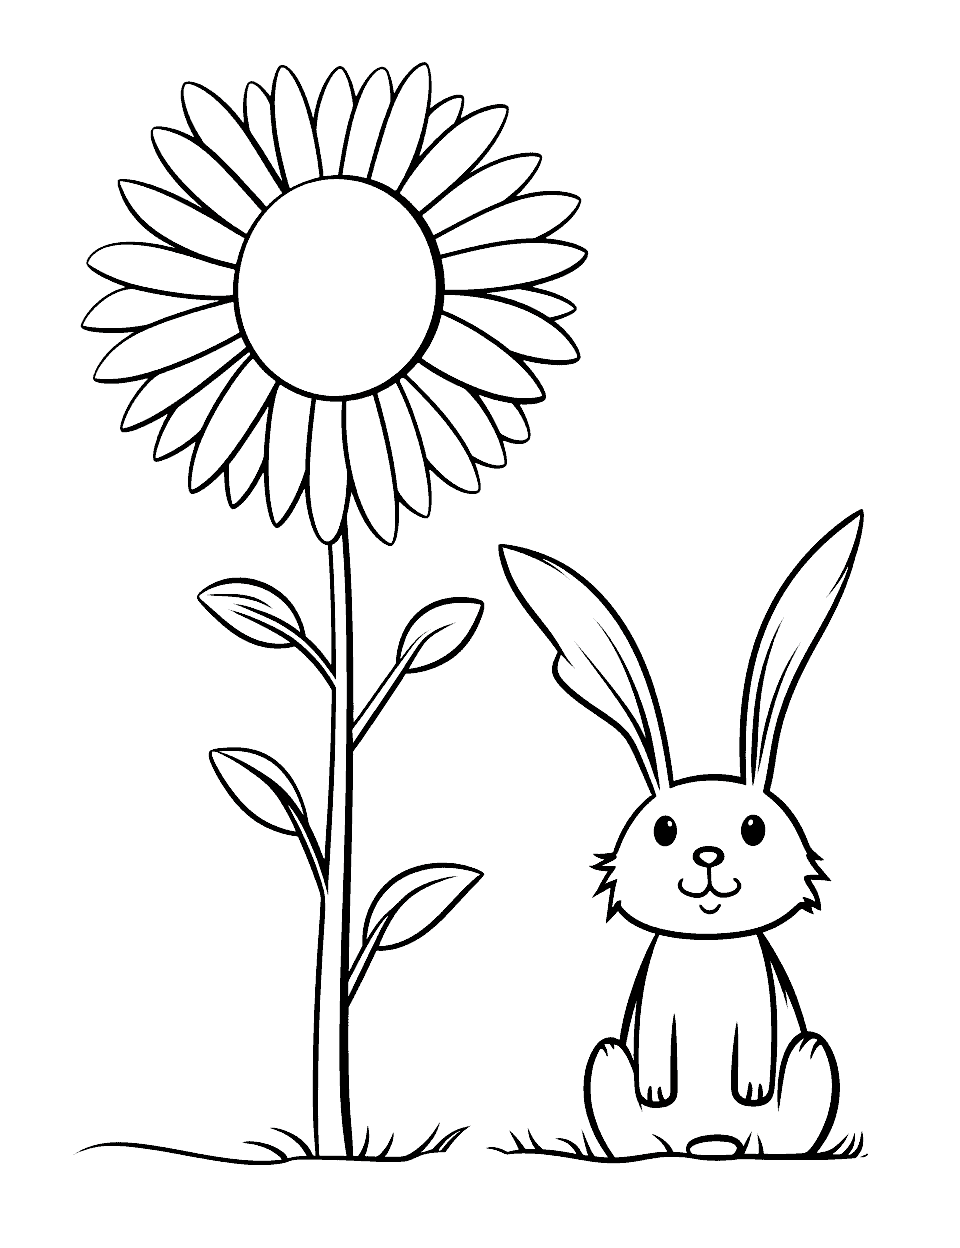 Tiny Bunny, Tall Sunflower Bunny Coloring Page - Emphasizing the size difference, a small bunny looking up at a towering sunflower.
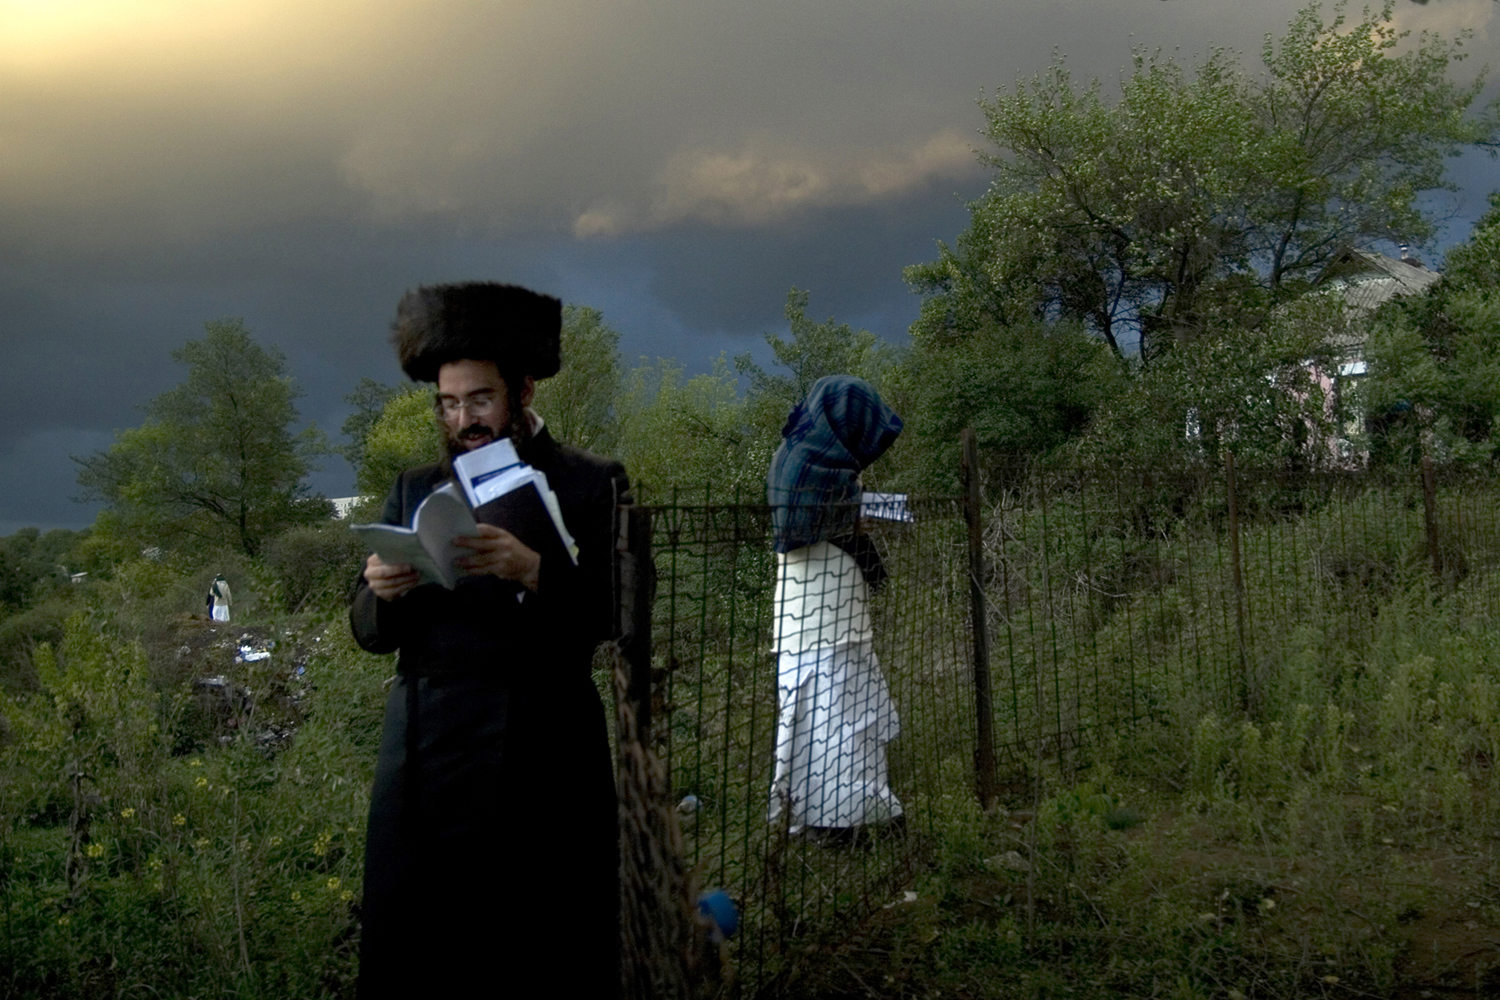 Prying Open - An oncoming storm looms above the Ukrainian sky as an Ultra-Orthodox Jewish man and woman complete their evening prayers on the eve of the Jewish holiday of Rosh Hashannah. It is rare to encounter a woman at the annual Rosh Hashannah gathering of Breslav Jewish Hasids in Uman, Ukraine. Out of the 30,000 attendants of this yearly pilgrimage, wherein Jews of all sects and nationalities come to Uman to pray at the burial-site of 17th century Rabbi Nachman, only an estimated 100 are women, myself included.
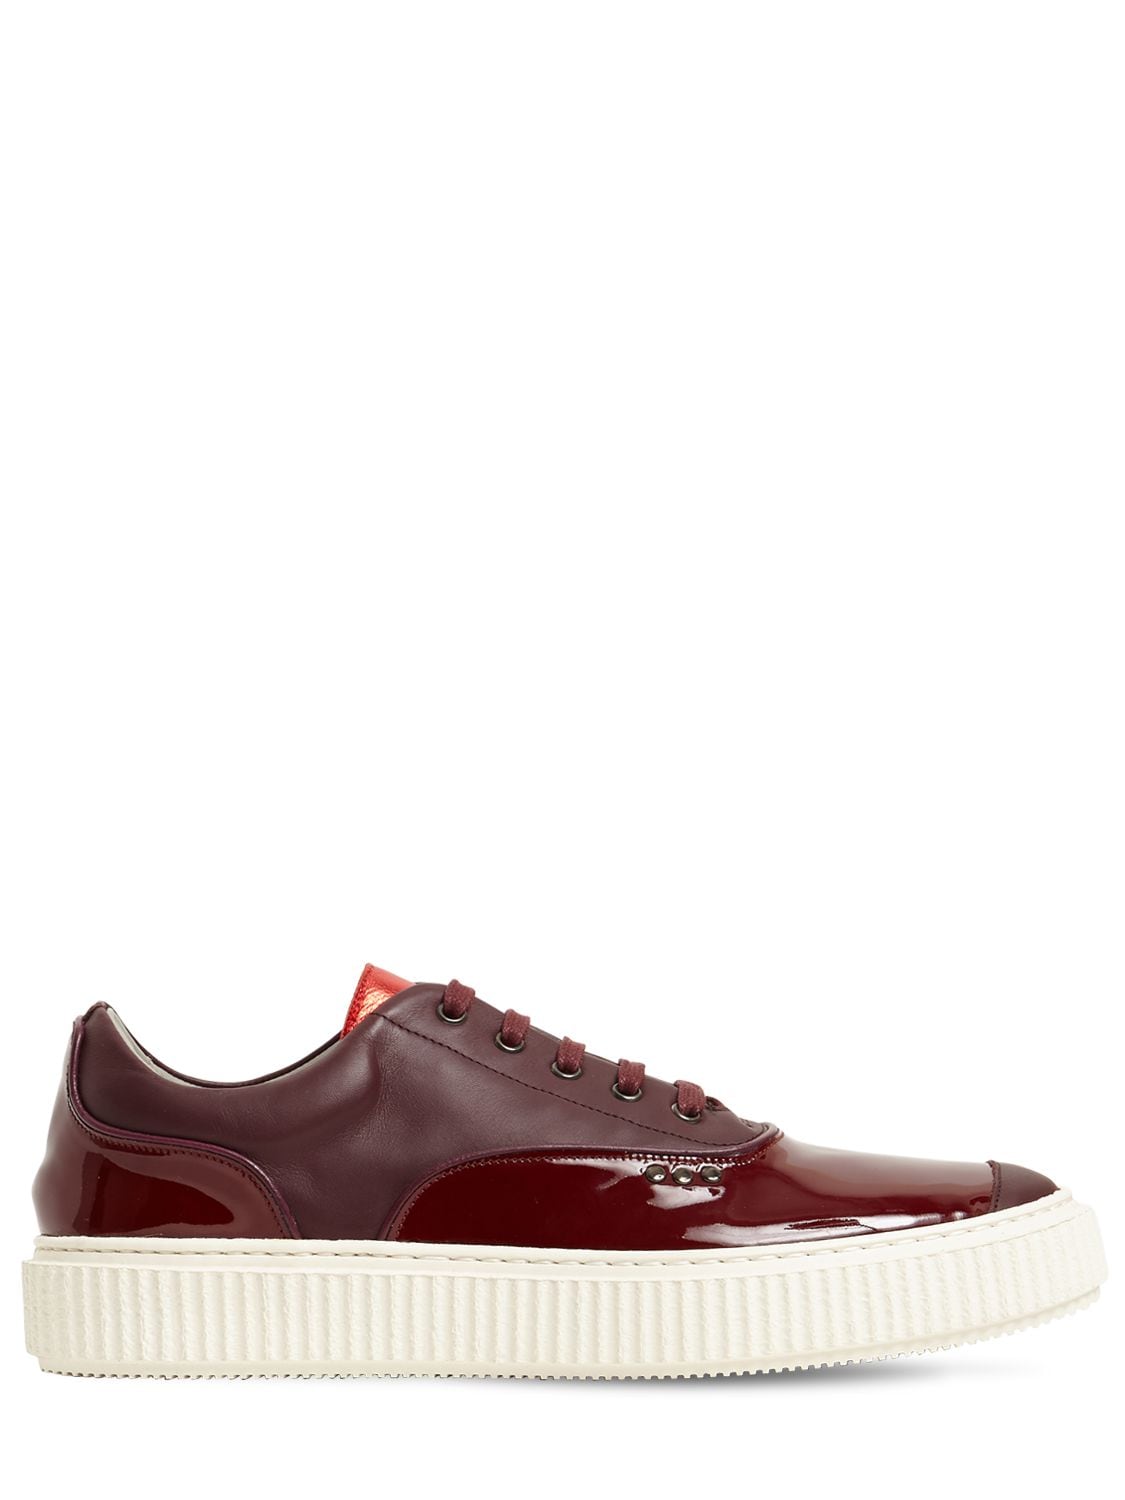 Me.land Low Top Patent & Matte Leather Sneakers In Bordeaux
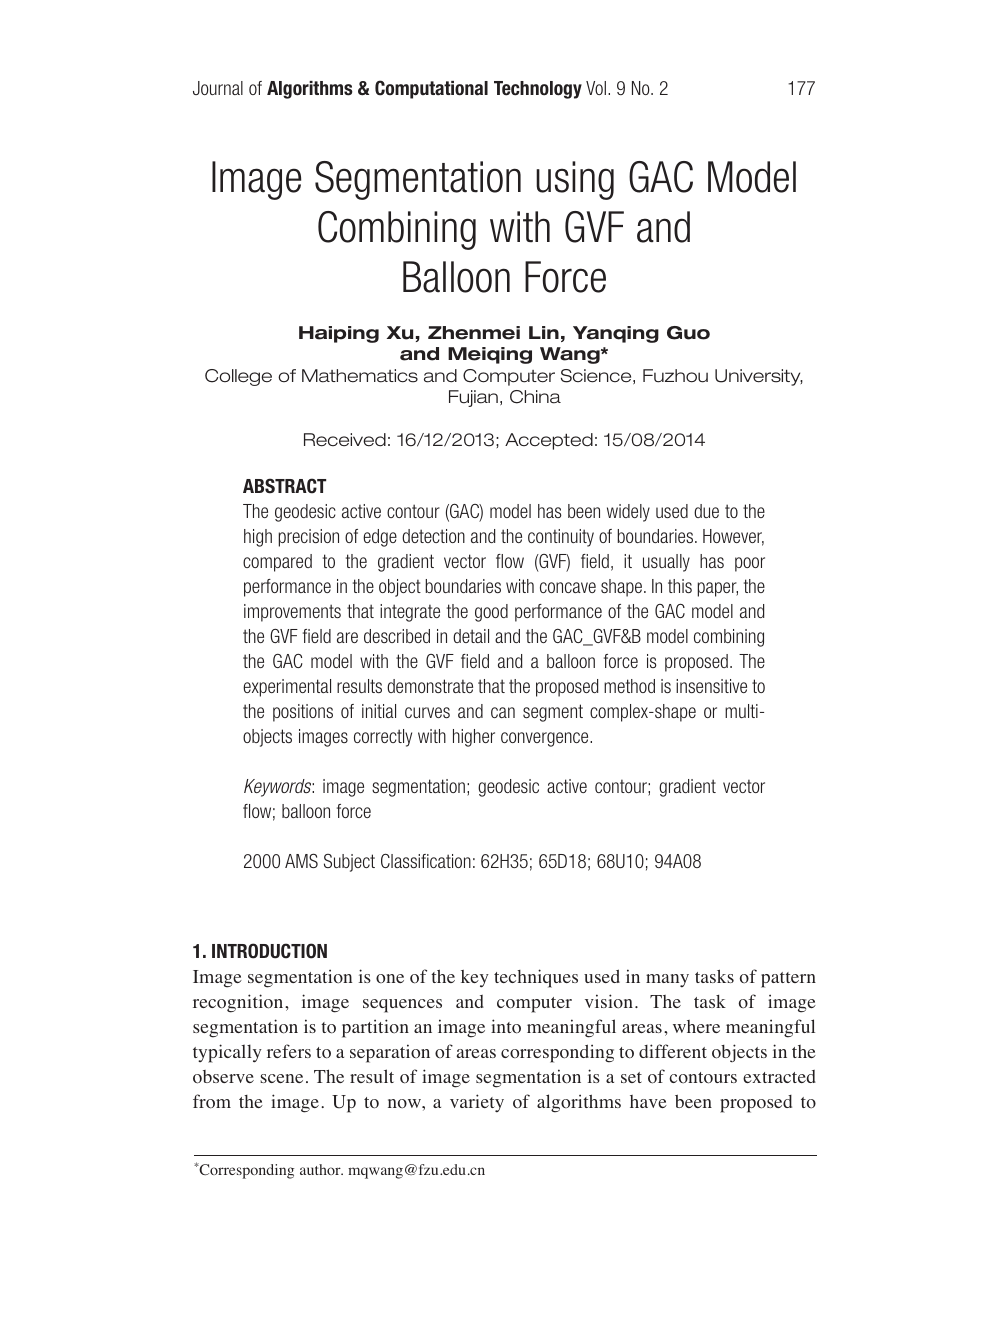 Image Segmentation Using Gac Model Combining With Gvf And Balloon Force Topic Of Research Paper In Medical Engineering Download Scholarly Article Pdf And Read For Free On Cyberleninka Open Science Hub

++++++

Task description: Please retype the data exactly. The pictures do not go in.

Written solution:
 Tiny Bunny, Tall Sunflower Bunny Coloring Page - Emphasizing the size difference, a small bunny looking up at a towering sunflower.
 Prying Open - An oncoming storm looms above the Ukrainian sky as an Ultra-Orthodox Jewish man and woman complete their evening prayers on the eve of the Jewish holiday of Rosh Hashannah. It is rare to encounter a woman at the annual Rosh Hashannah gathering of Breslav Jewish Hasids in Uman, Ukraine. Out of the 30,000 attendants of this yearly pilgrimage, wherein Jews of all sects and nationalities come to Uman to pray at the burial-site of 17th century Rabbi Nachman, only an estimated 100 are women, myself included.
 Me.land Low Top Patent & Matte Leather Sneakers In Bordeaux
 Image Segmentation Using Gac Model Combining With Gvf And Balloon Force Topic Of Research Paper In Medical Engineering Download Scholarly Article Pdf And Read For Free On Cyberleninka Open Science Hub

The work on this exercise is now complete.